Turmas do TST divergem sobre incidência de multa do FGTS

Depois do cancelamento da Orientação Jurisprudencial 177, que previa a extinção do contrato de trabalho com a aposentadoria espontânea, resta saber se a multa de 40% do FGTS incide sobre todo o período ou só sobre os depósitos posteriores à aposentadoria. A 1ª Turma do Tribunal Superior do Trabalho entendeu que a multa deve incidir sobre todo o período do contrato de trabalho.

Esse foi um dos primeiros julgamentos depois do cancelamento da OJ 177, na quarta-feira (25/10).

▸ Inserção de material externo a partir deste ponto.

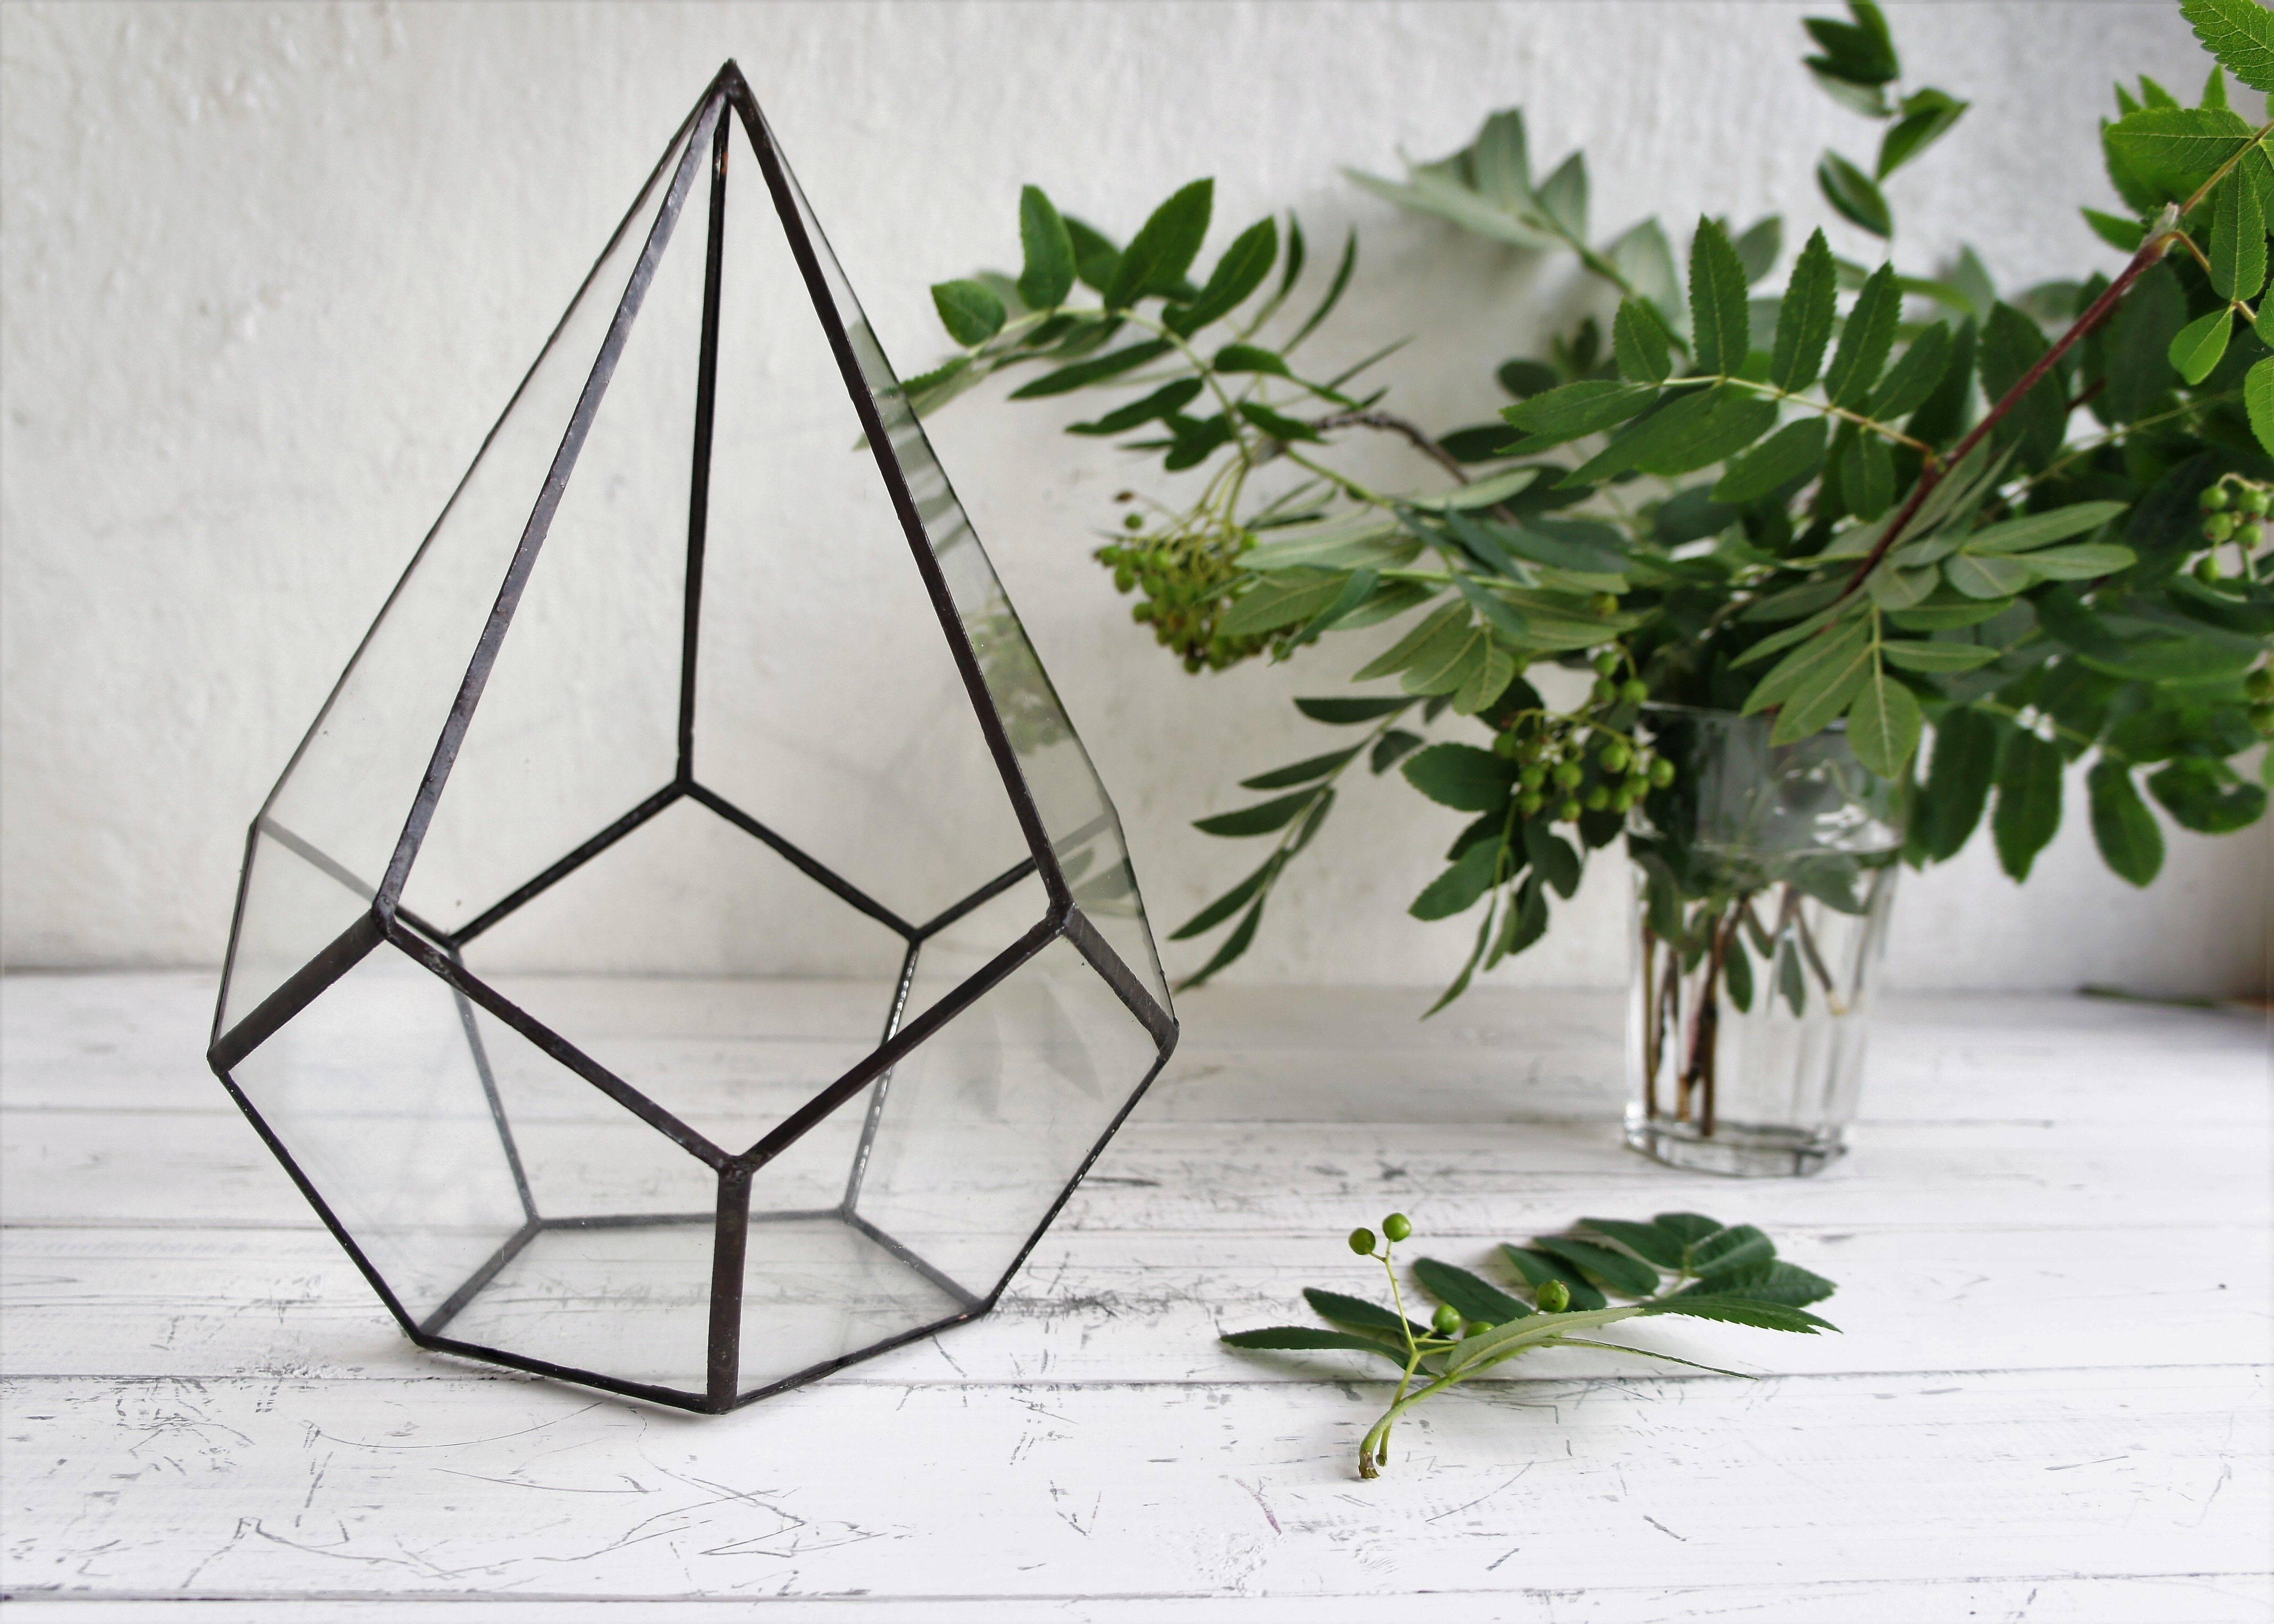 Как сделать флорариум своими руками для начинающих, и что для этого нужно: выбор растений и декоративных камней, оригинальные идеи необычных флорариумов с пошаговой инструкцией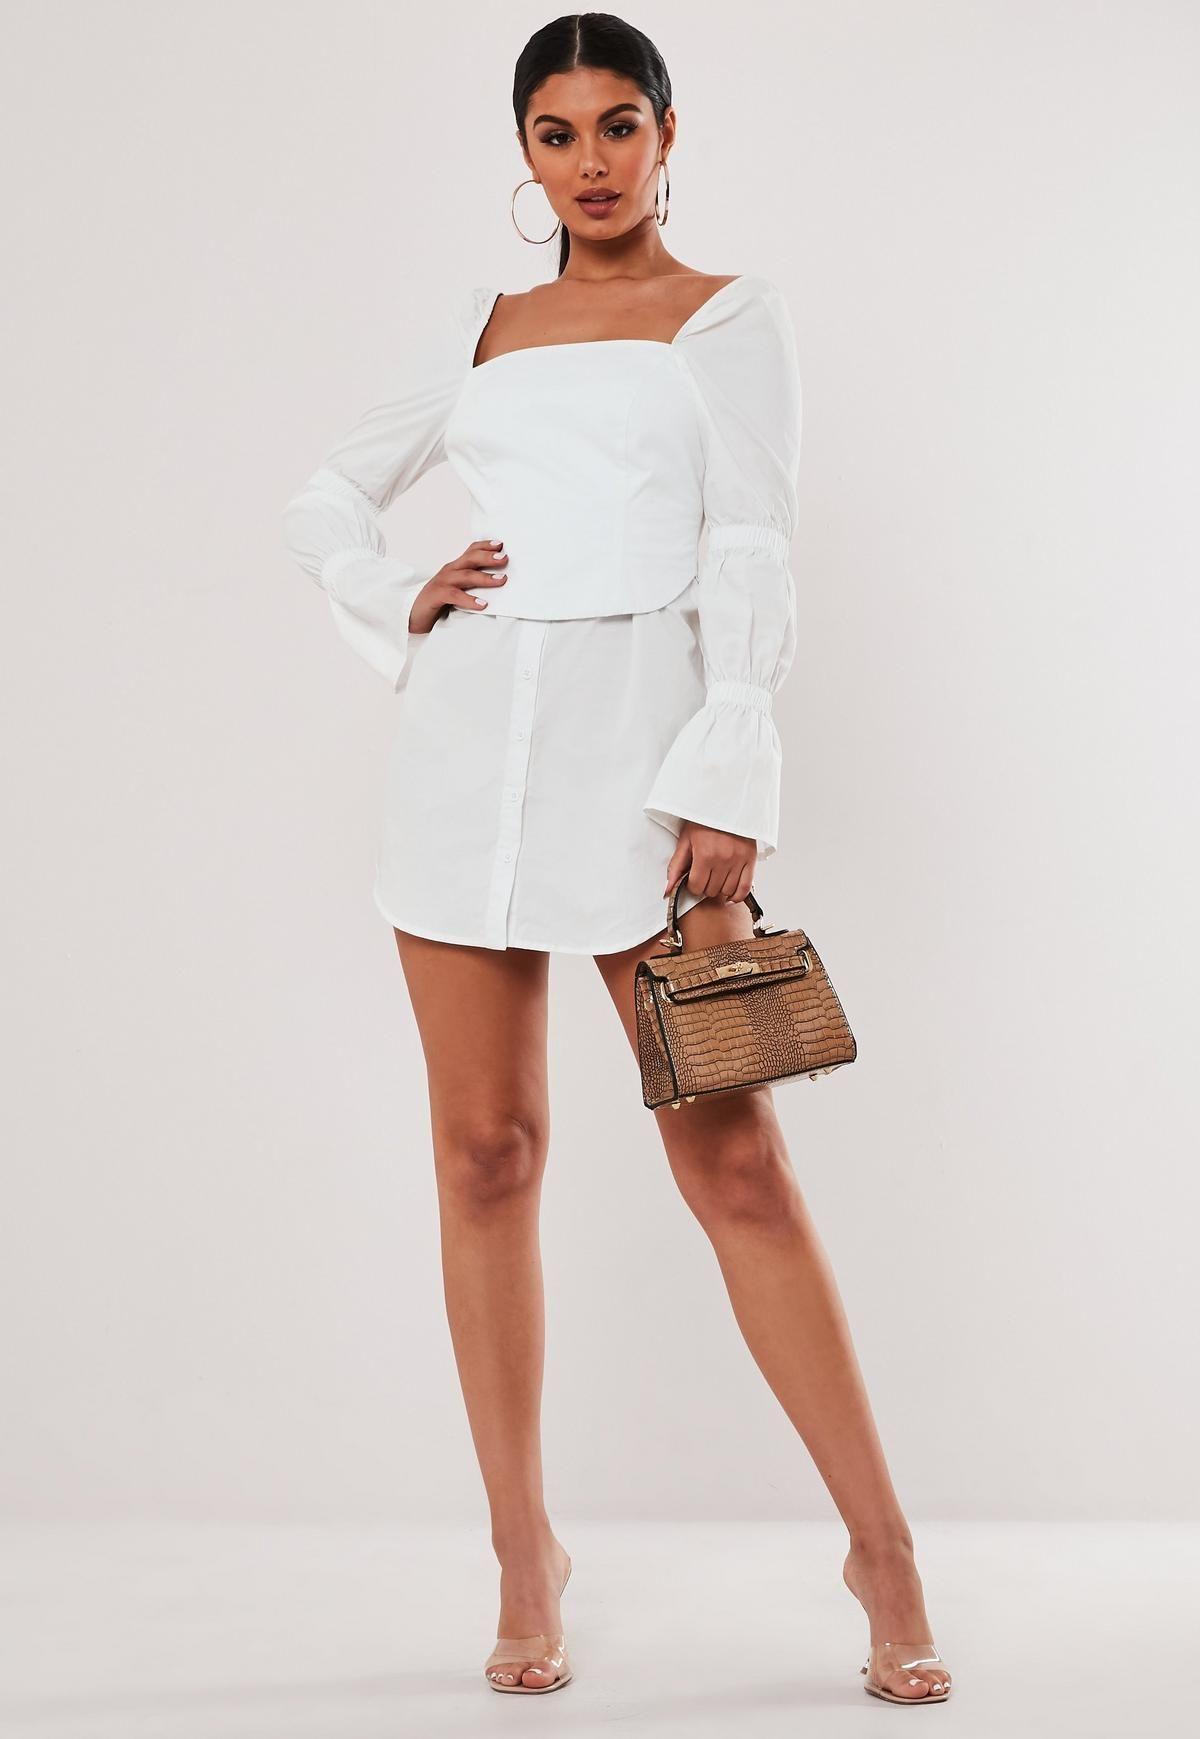 Stassie X Missguided White Poplin Corset Shirt Dress Missguided Trending Dresses Women Dress Online Corset Shirt [ 1739 x 1200 Pixel ]

Para decidir, a 1ª Turma companhou o voto do ministro João Oreste Dalazen, que condenou a Carlos Becker Metalúrgica Industrial a pagar a multa a um dos seus funcionários que se aposentou.

O trabalhador recorreu ao Supremo Tribunal Federal para questionar o entendimento do TST de que a aposentadoria espontânea extinguia o contrato de trabalho, mesmo quando o empregado continuava a trabalhar na empresa.

O STF acolheu o recurso e determinou que o TST julgasse novamente a questão, sob o entendimento de que a aposentadoria espontânea não extingue o contrato de trabalho. A Suprema Corte concluiu que os parágrafos 1º e 2º, do artigo 453 da CLT são inconstitucionais porque violam preceitos relativos à proteção do trabalho e à garantia ao recebimento dos benefícios previdenciários.

Em seu voto, o ministro ressaltou que a conclusão do Supremo é a de que não há lei que declare a extinção do contrato em face da aposentadoria espontaneamente requerida pelo empregado, mas que prossegue prestando serviço ao mesmo empregador. Segundo ele, a Lei 8.213/91, que trata da aposentadoria por tempo de serviço, sugere exatamente o contrário, em seu artigo 49. O ministro determinou que a multa de 40% alcance todo o período.

“Entendo que os motivos ora declinados revelam-se suficientes para concluir que a aposentadoria espontânea não pode figurar como mais uma modalidade de extinção do contrato de trabalho, nos casos em que não há solução de continuidade na prestação de serviços. Em decorrência, o empregado faz jus à multa de 40% do FGTS sobre os depósitos de todo o período do contrato de emprego uno, computados o tempo anterior e o posterior à jubilação espontânea seguida da continuidade do labor, contanto que, ao final, opere-se a rescisão do contrato sem justa causa”, concluiu.

Entendimentos diversos

A OJ 177 foi adotada pelo TST em novembro de 2000, e desde então, orientava o julgamento da matéria. Alguns processos julgados pelo TST chegaram ao STF, por meio de recursos extraordinários, e foram devolvidos para que o TST os julgasse considerando a unicidade contratual, ou seja, com base na premissa de que a aposentadoria espontânea não extingue o contrato.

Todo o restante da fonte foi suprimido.